Pre-Registration Lite for Product Experiments: A Pragmatic Workflow

A lightweight pre-registration process that works in fast-moving product teams. Document your analysis plan in 15 minutes and build credibility through transparency.

Share

Quick Hits

  • Pre-registration = writing your analysis plan before seeing results
  • Takes 15 minutes; saves hours of defending your methodology later
  • Lock it with a timestamp: commit to git, save in wiki with date, email to yourself
  • You can still do exploratory analysis—just label it honestly
  • Builds credibility over time: 'I planned this before I knew the answer'

TL;DR

Pre-registration means writing your analysis plan before seeing results—it prevents p-hacking, builds credibility, and takes only 15 minutes with this lite approach. Document your primary metric, success criteria, and analysis timing. Timestamp it (git commit, wiki save, email). You can still explore; just label exploratory findings honestly. The payoff: "This was our plan before we saw any data."


Why Pre-Registration Matters

The Problem It Solves

Without Pre-Registration:
─────────────────────────
Analyst: "Conversion increased 4%!"
Skeptic: "Did you check other metrics first?"
Analyst: "..."
Skeptic: "Did you decide on the analysis after seeing the data?"
Analyst: "..."
Skeptic: "How do we know you didn't try 10 approaches?"
Analyst: "Trust me?"
Skeptic: "..."

With Pre-Registration:
──────────────────────
Analyst: "Conversion increased 4%!"
Skeptic: "Did you—"
Analyst: "Here's our pre-analysis plan from two weeks ago."
         [Shows timestamped document]
Skeptic: "Okay, let's discuss the results."

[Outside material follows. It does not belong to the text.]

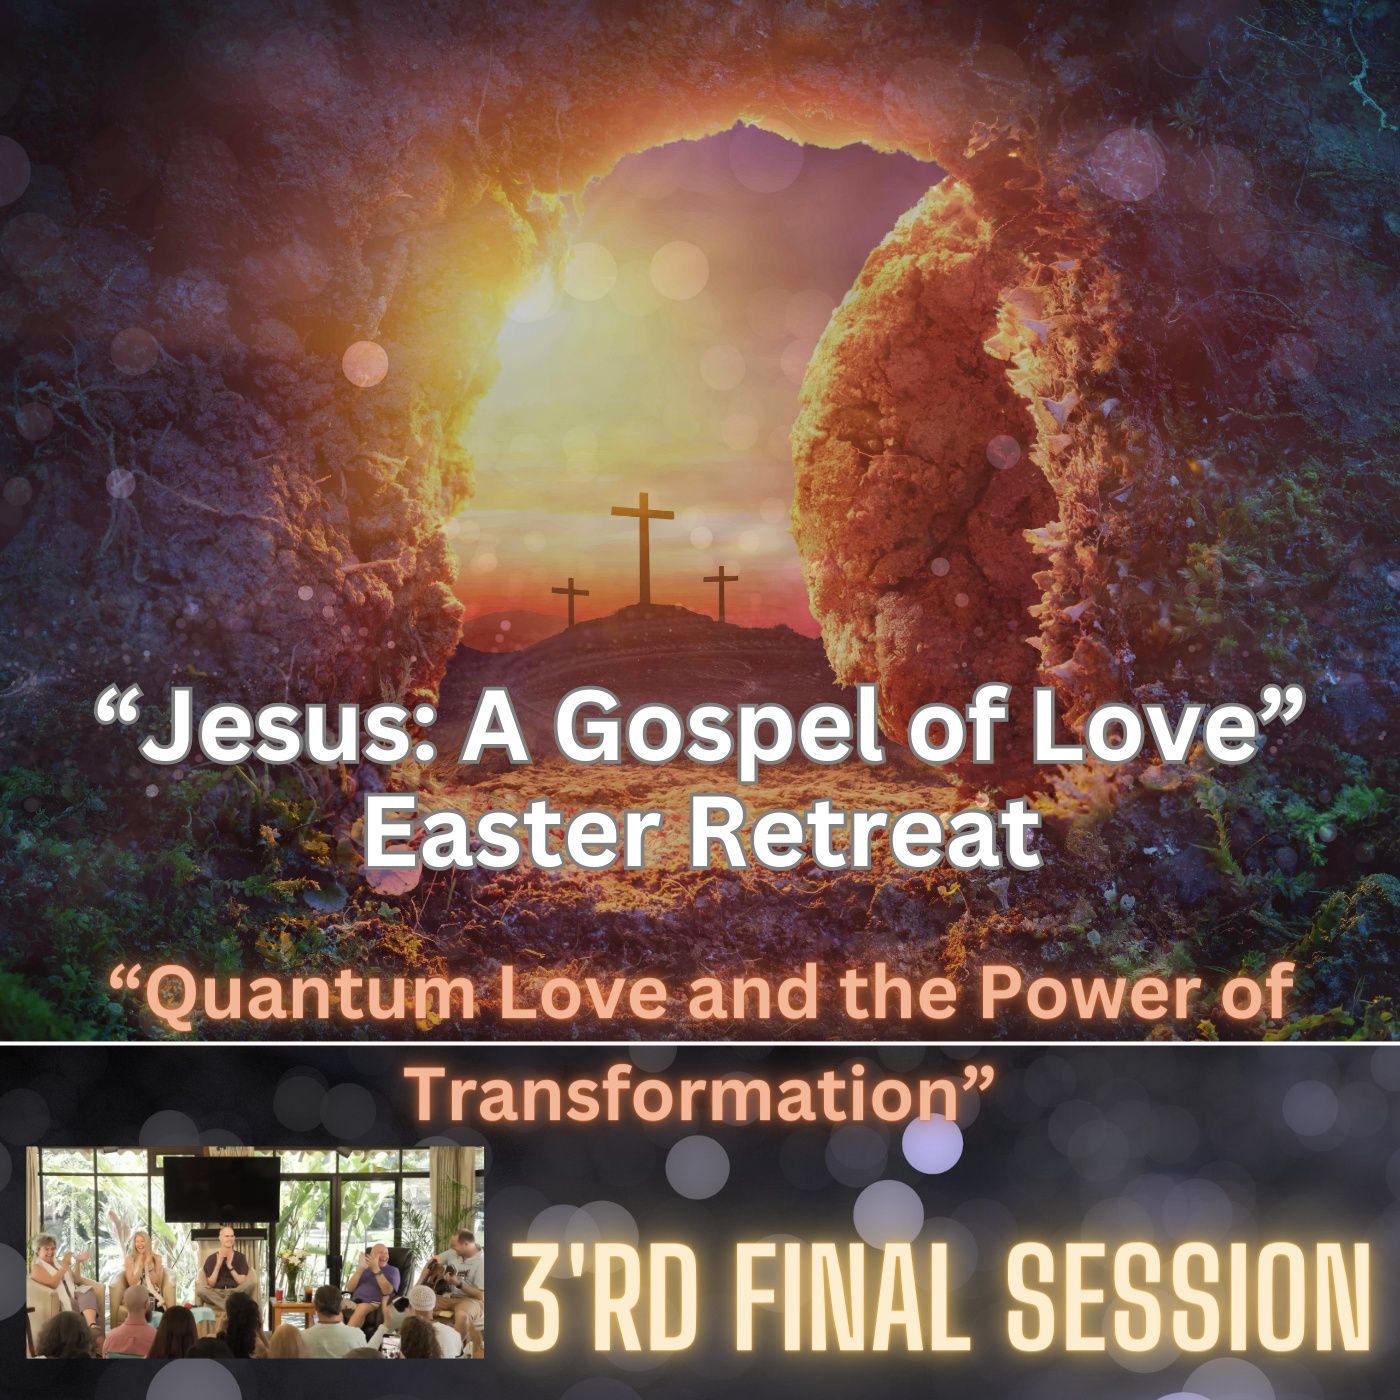 “Quantum Love and the Power of Transformation” - Easter Retreat 3’rd Final Session

What Pre-Registration Provides

Without With
"I promise I didn't p-hack" Timestamped proof
Defending methodology after Methodology locked before
"Just trust me" "Check the commit"
Post-hoc suspicion Pre-hoc credibility

The 15-Minute Template

Minimum Viable Pre-Registration

# Pre-Analysis Plan: [Experiment Name]

**Date Written**: [Date, before looking at results]
**Experiment Start**: [Date]
**Planned Analysis Date**: [Date]
**Author**: [Your name]

---

## Primary Metric

**Metric**: [Name, e.g., Purchase Conversion Rate]

**Definition**:
- Numerator: [What counts as success]
- Denominator: [What's the population]
- Attribution window: [How long after exposure]

---

## Decision Rule

**Ship if**: [Primary metric CI lower bound > 0 AND no guardrail violations]
**Don't ship if**: [CI upper bound < 0 OR guardrail violation]
**Inconclusive if**: [CI includes 0 and MDE]

---

## Sample & Timing

**Target sample**: [N per group or duration]
**Minimum to analyze**: [If using sequential]
**Analysis timing**: [When you'll pull data]

---

## Guardrails

- [Metric 1]: Should not decrease more than [X%]
- [Metric 2]: Should not increase more than [Y]

---

## Segments (Pre-specified, Exploratory)

- New vs Returning users
- Mobile vs Desktop

*Note: Segment analyses are exploratory; interaction tests required*

---

## Timestamp

Committed to git / Saved to wiki / Emailed to self at: [TIME/DATE]

How to Timestamp

Option 1: Git Commit

git add experiments/checkout_v2/pre_analysis_plan.md
git commit -m "Pre-analysis plan for checkout v2 experiment"
# Commit hash and timestamp are now immutable proof

Option 2: Wiki with Version History

1. Create page in Confluence/Notion/Wiki
2. Save (system records timestamp)
3. Link to page in experiment config
4. Version history proves the date

Option 3: Email to Yourself

1. Write plan in doc
2. Email to yourself (and cc stakeholders)
3. Email timestamp serves as proof

Option 4: Internal Pre-Reg System

If your experimentation platform supports it, use it.
The timestamp is automatic and visible to all.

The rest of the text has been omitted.